START GIVEN MATERIAL
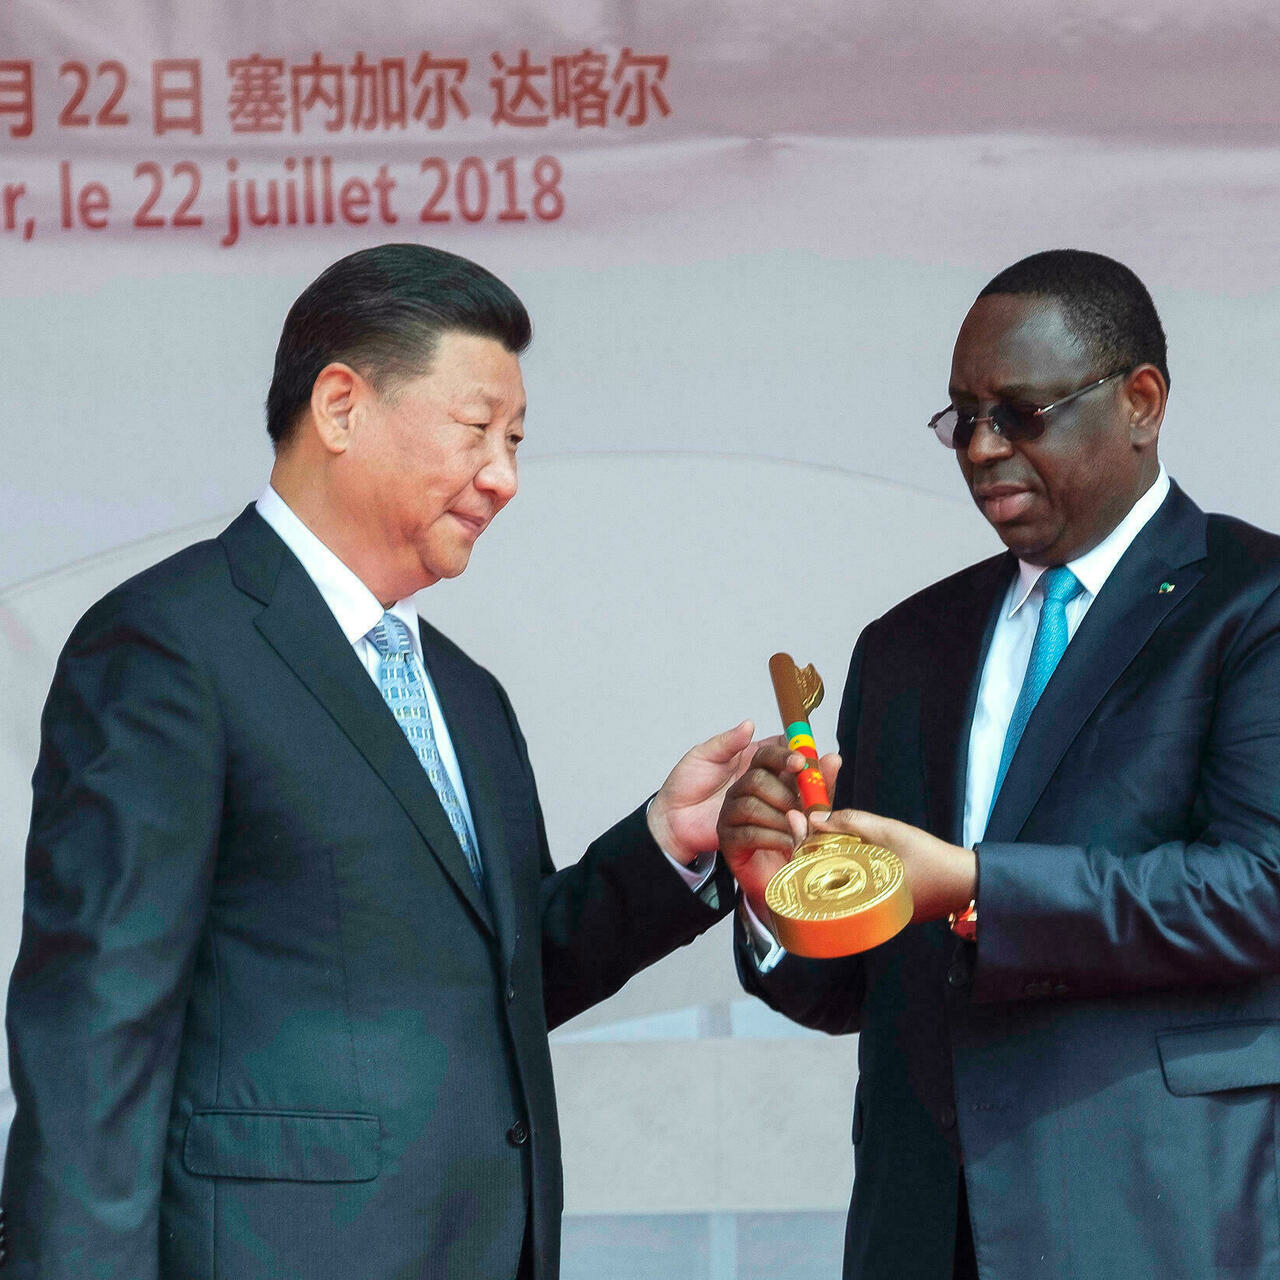 FORUM CHINE-AFRIQUE  Les gouvernants africains demandent une relation plus équilibrée
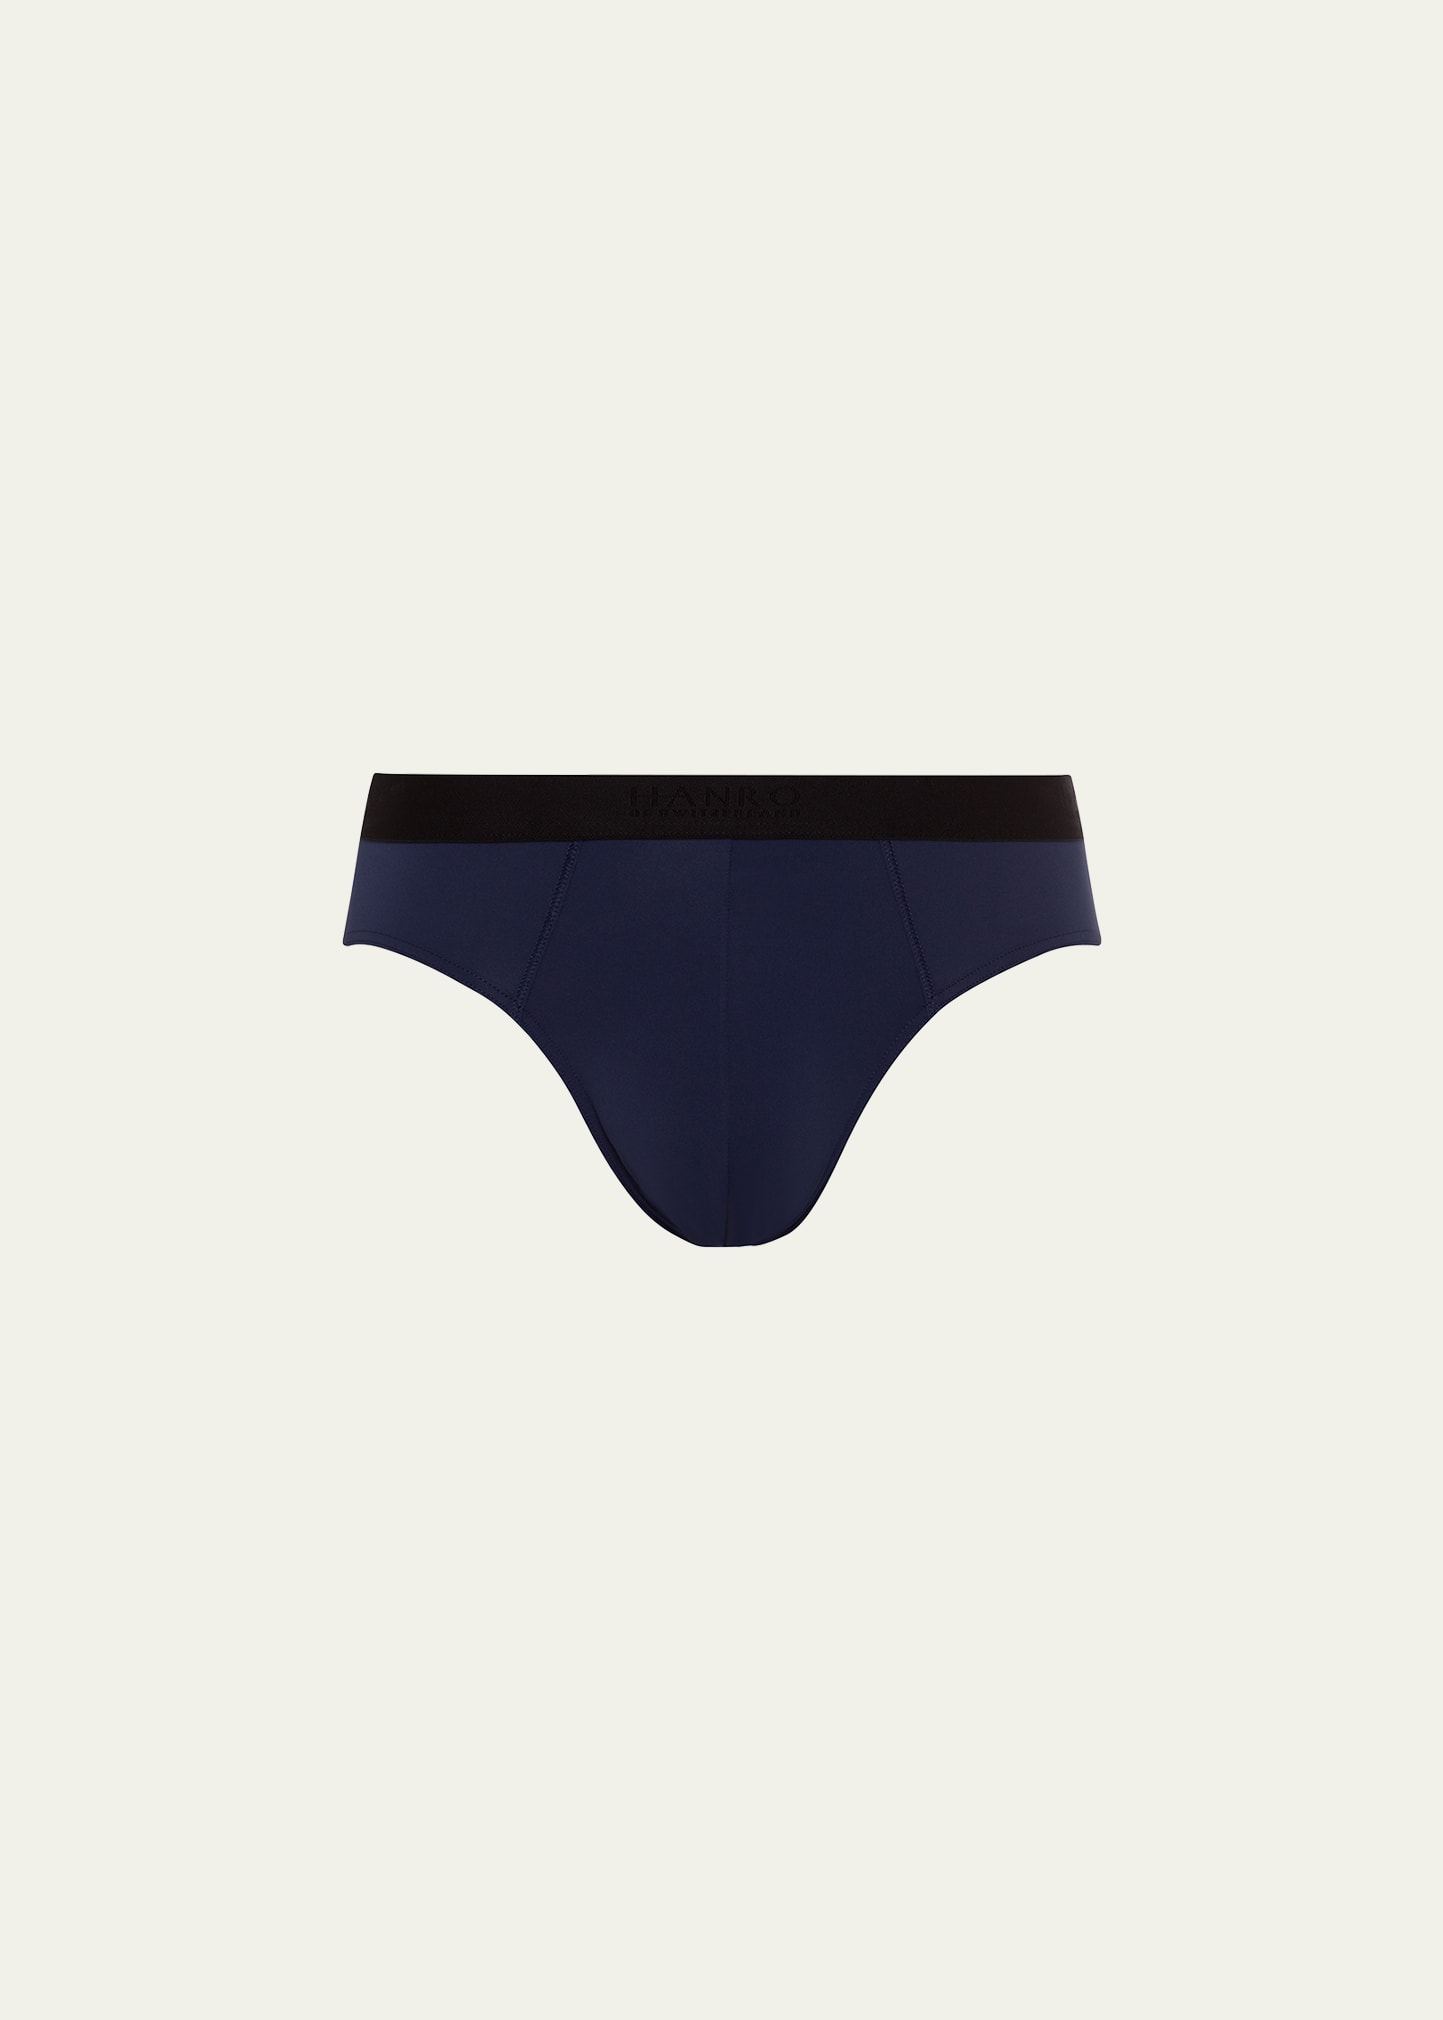 Premium Men's Underwear by HANRO
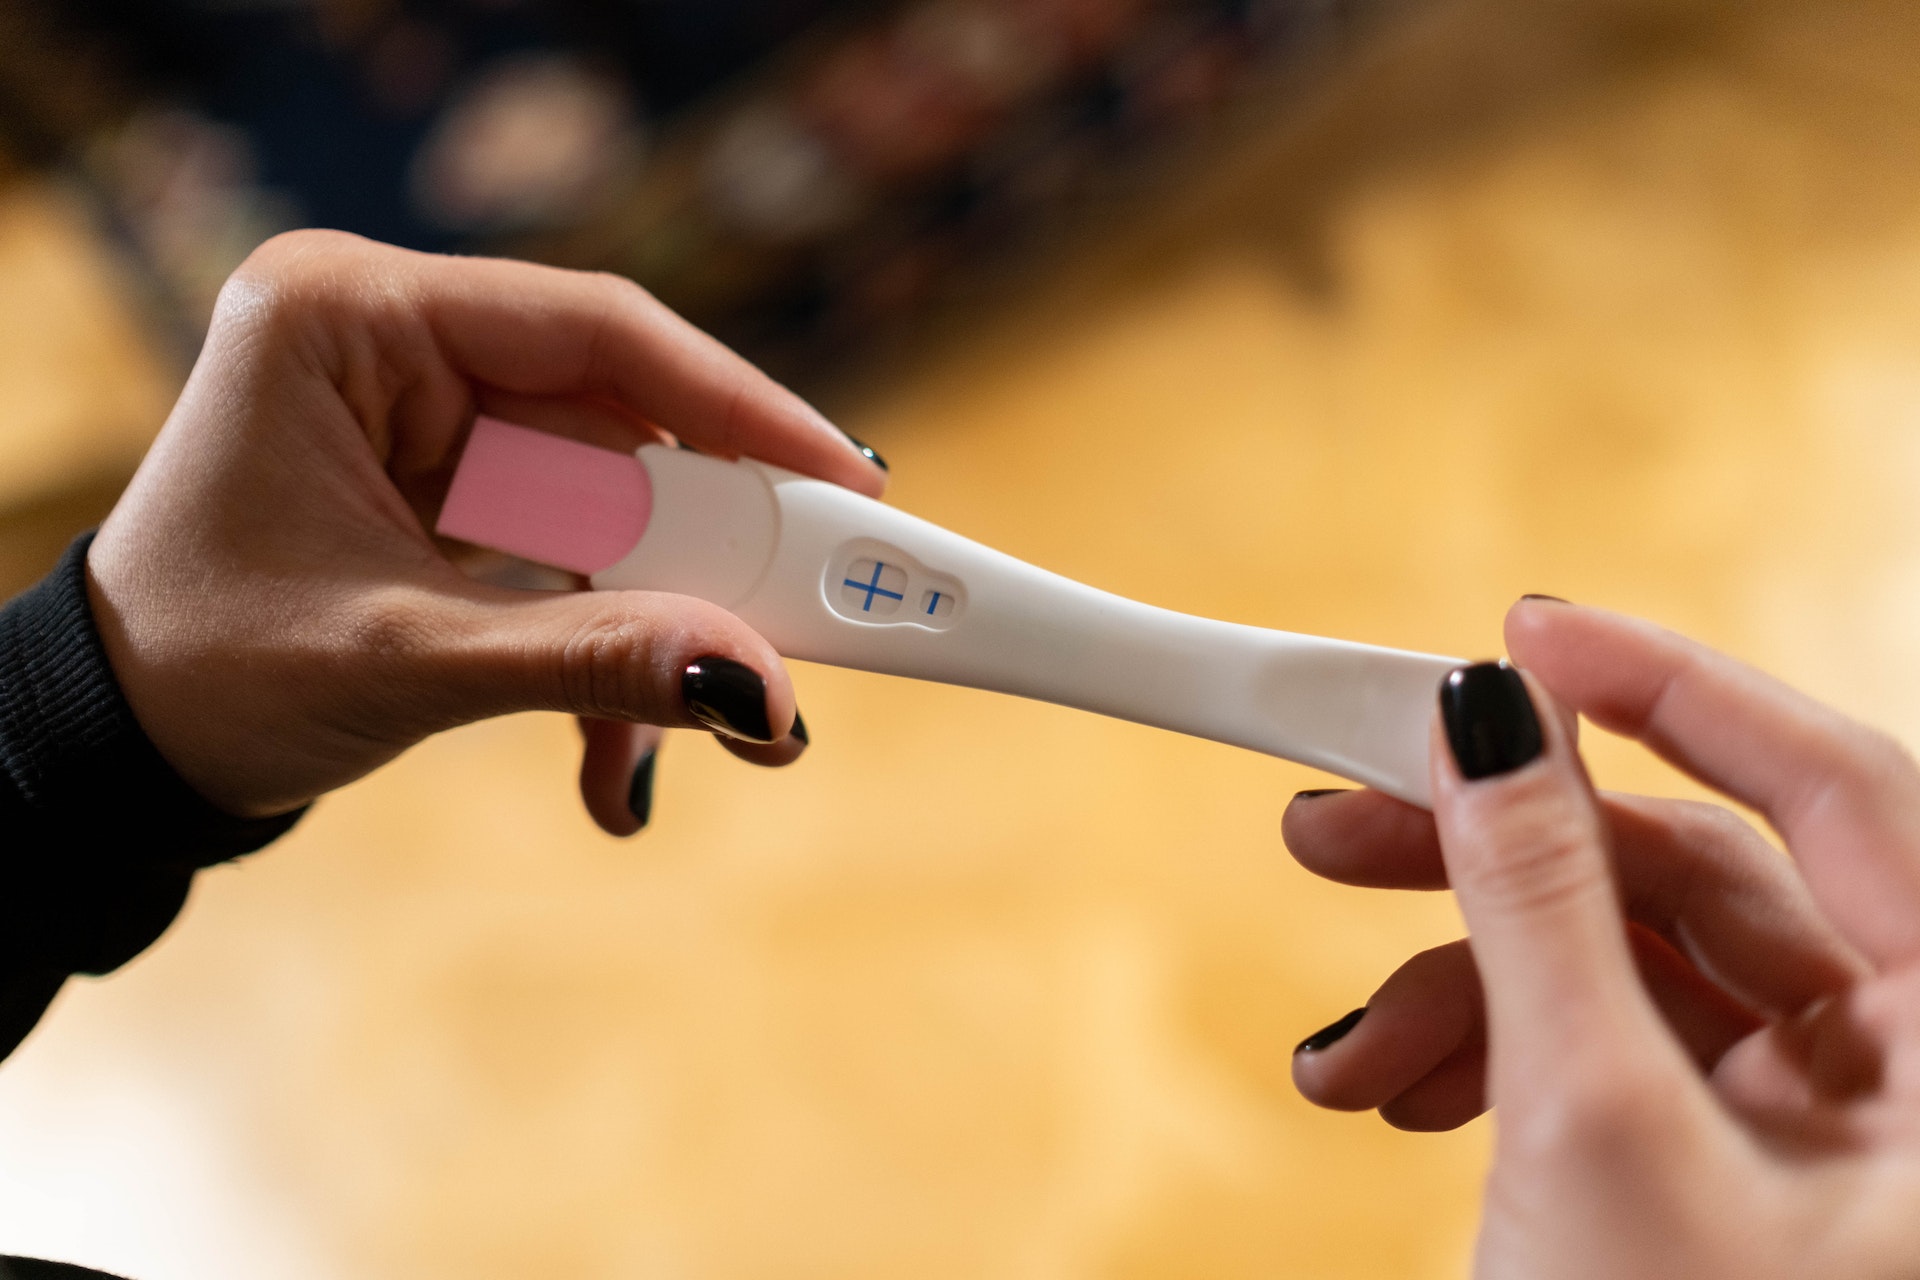 Femme tenant un kit de test de grossesse | Source : Pexels
END GIVEN MATERIAL
WHAT YOU NEED TO DO: Pictures aside, transcribe exactly the lines from the line containing "Premium Men's Underwear by HANRO" through the final line of the material above.

ANSWER TO THE EXERCISE:
 Premium Men's Underwear by HANRO
 Femme tenant un kit de test de grossesse | Source : Pexels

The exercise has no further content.